- **Your goal**: Output nothing but the lines from the first line of the listing below through the line containing "任天堂 Nintendo Switch", printed exactly and free of pictures.

- **Information supplied**:
---+---

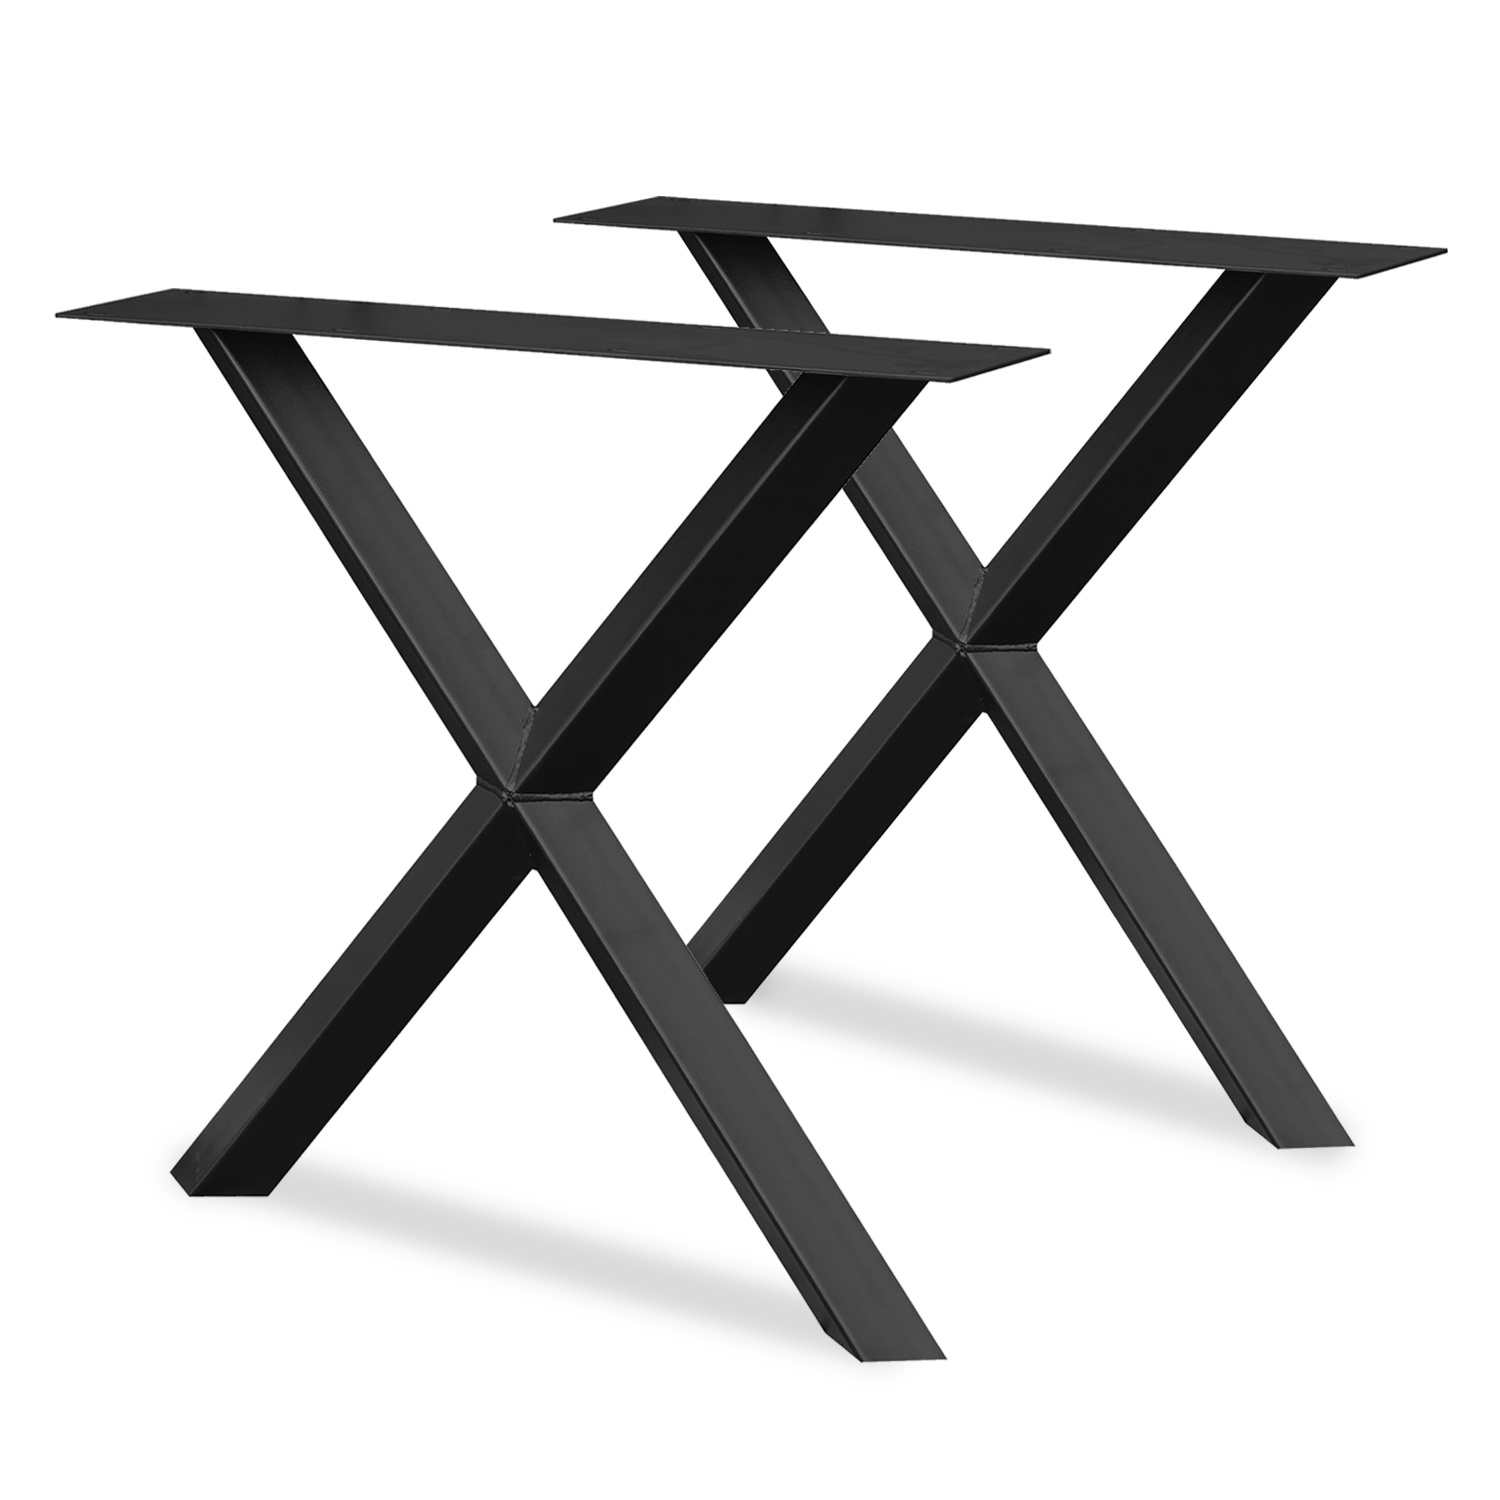  Stalen X-ster tafelpoten ELEGANT (SET) 5,5x5,5 cm - 78 cm breed - 72 cm hoog - Kruispoot ster - GEPOEDERCOAT Zwart
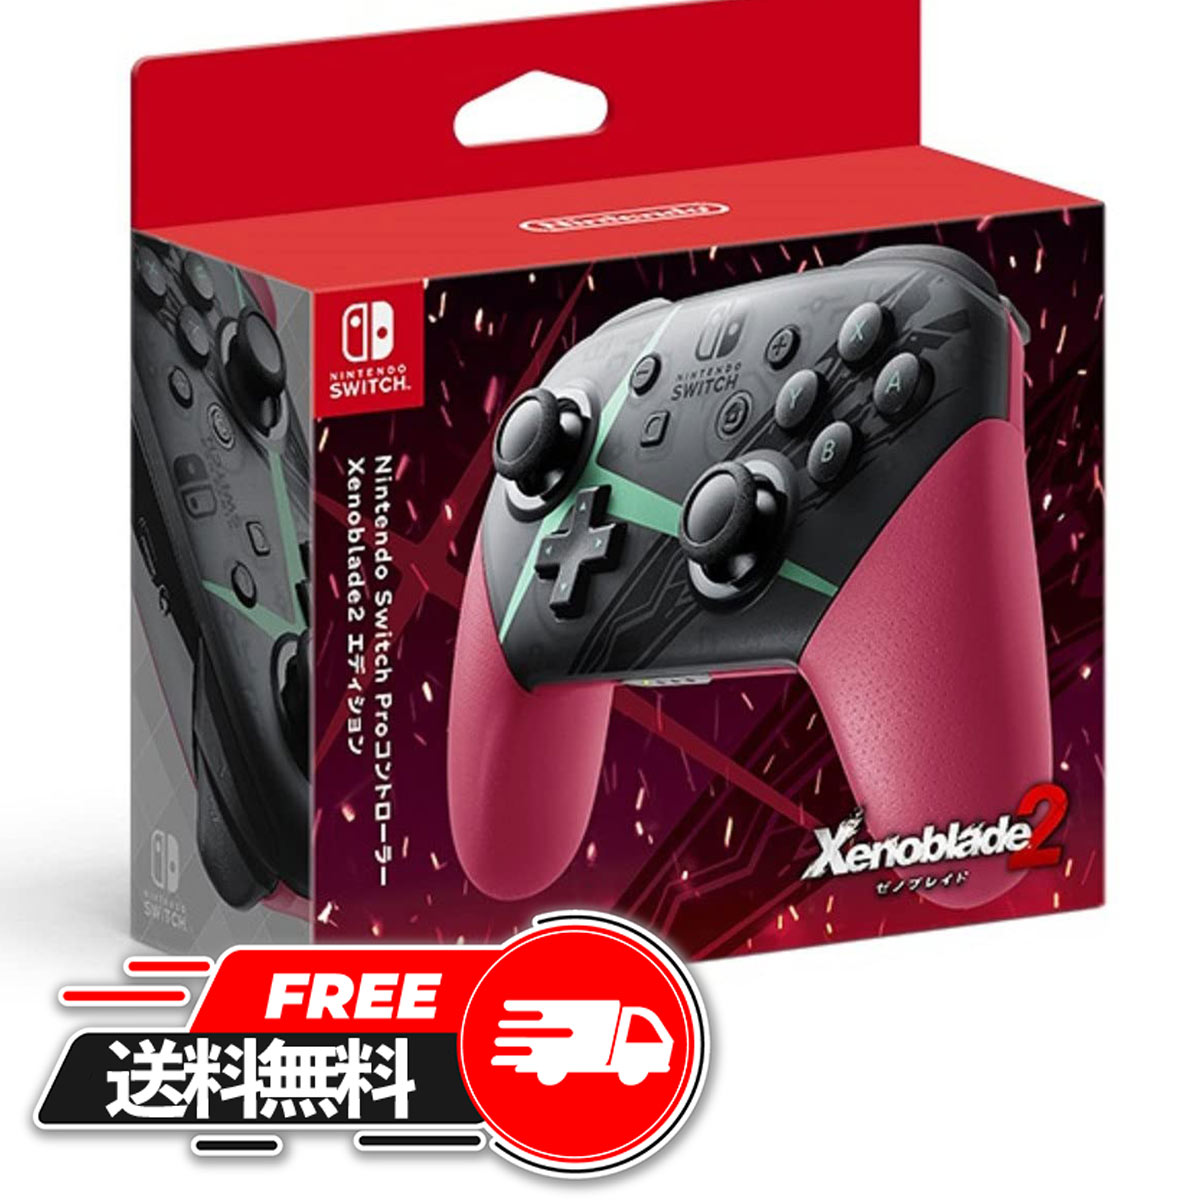  任天堂 Nintendo Switch Proコントローラー Xenoblade2エディション ゼノブレイド 2 ゼノブレイド2 ゼノブレイド3 ダウンロード版 オリジナル・サウンドトラック ザ・コンプリートガイド パーフェクトガイド
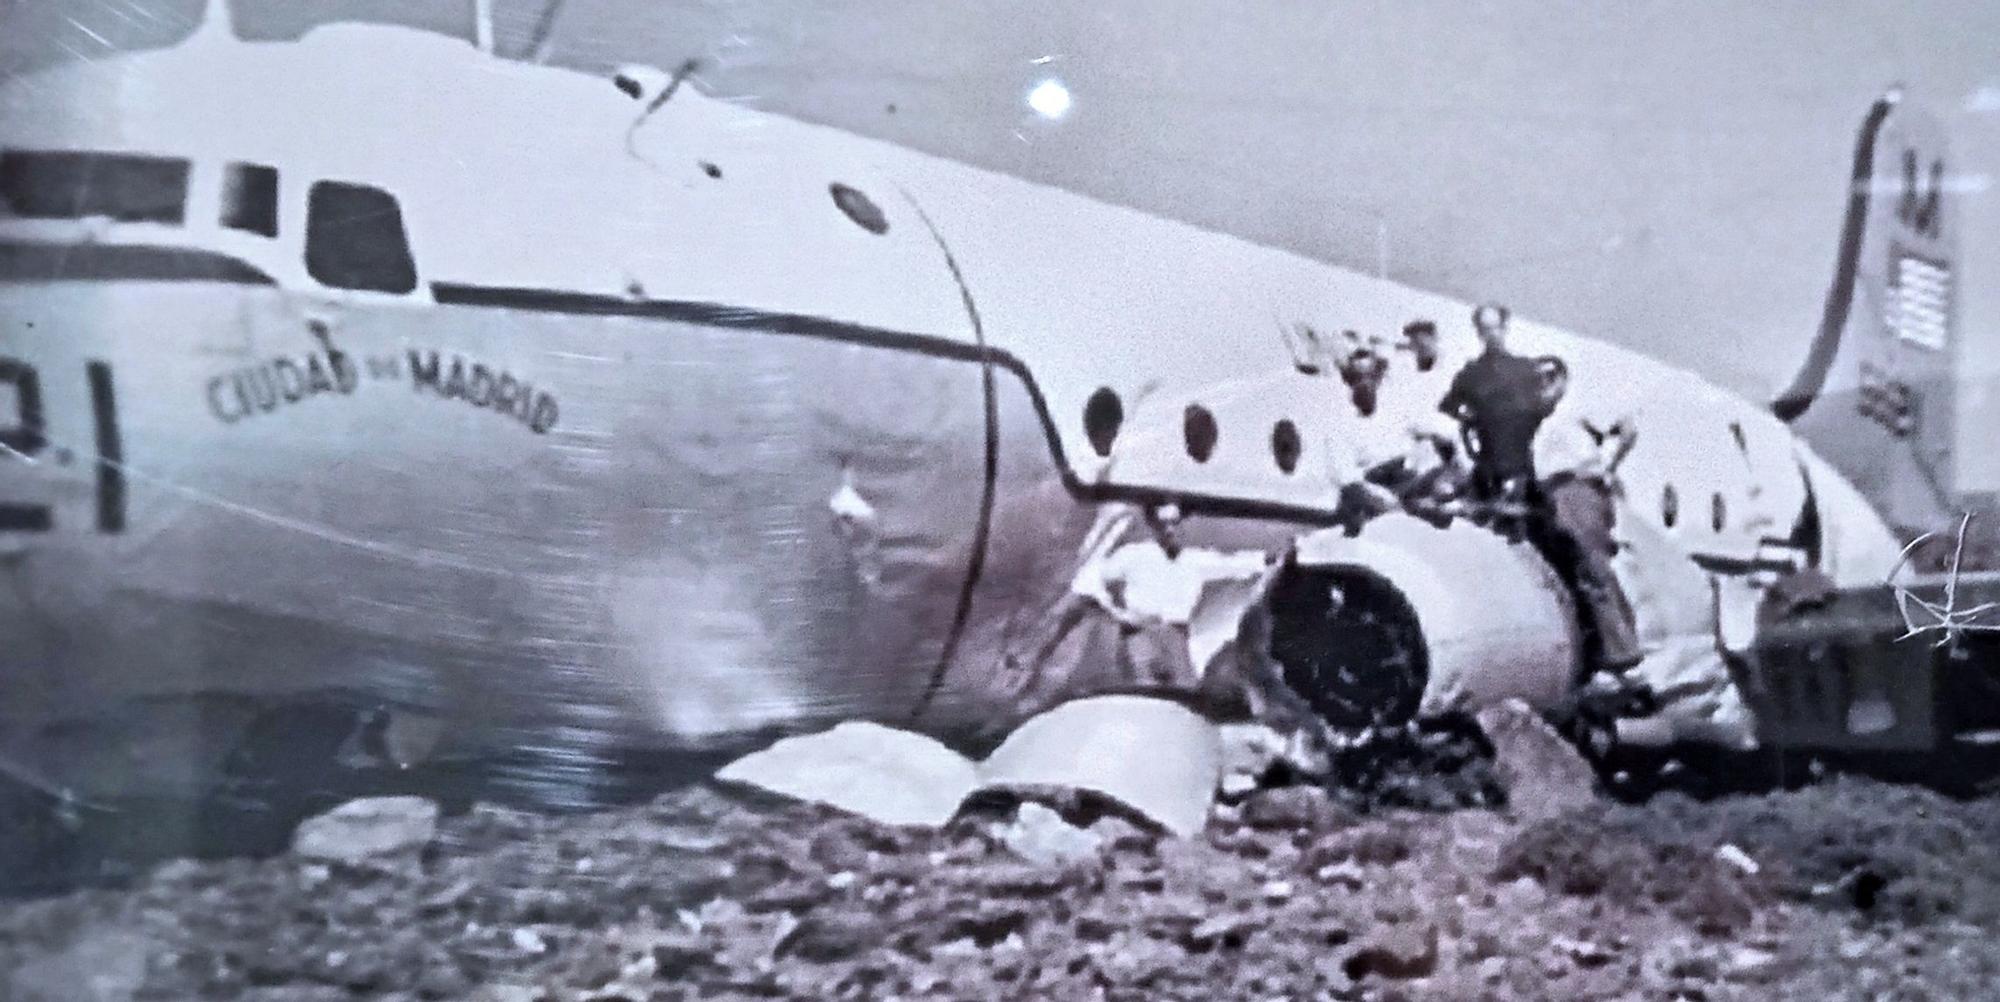 Lugareños posan junto al avión accidentado, meses después del suceso.jpg

---+---

- **Output for this exercise**:
  Stalen X-ster tafelpoten ELEGANT (SET) 5,5x5,5 cm - 78 cm breed - 72 cm hoog - Kruispoot ster - GEPOEDERCOAT Zwart
  任天堂 Nintendo Switch Proコントローラー Xenoblade2エディション ゼノブレイド 2 ゼノブレイド2 ゼノブレイド3 ダウンロード版 オリジナル・サウンドトラック ザ・コンプリートガイド パーフェクトガイド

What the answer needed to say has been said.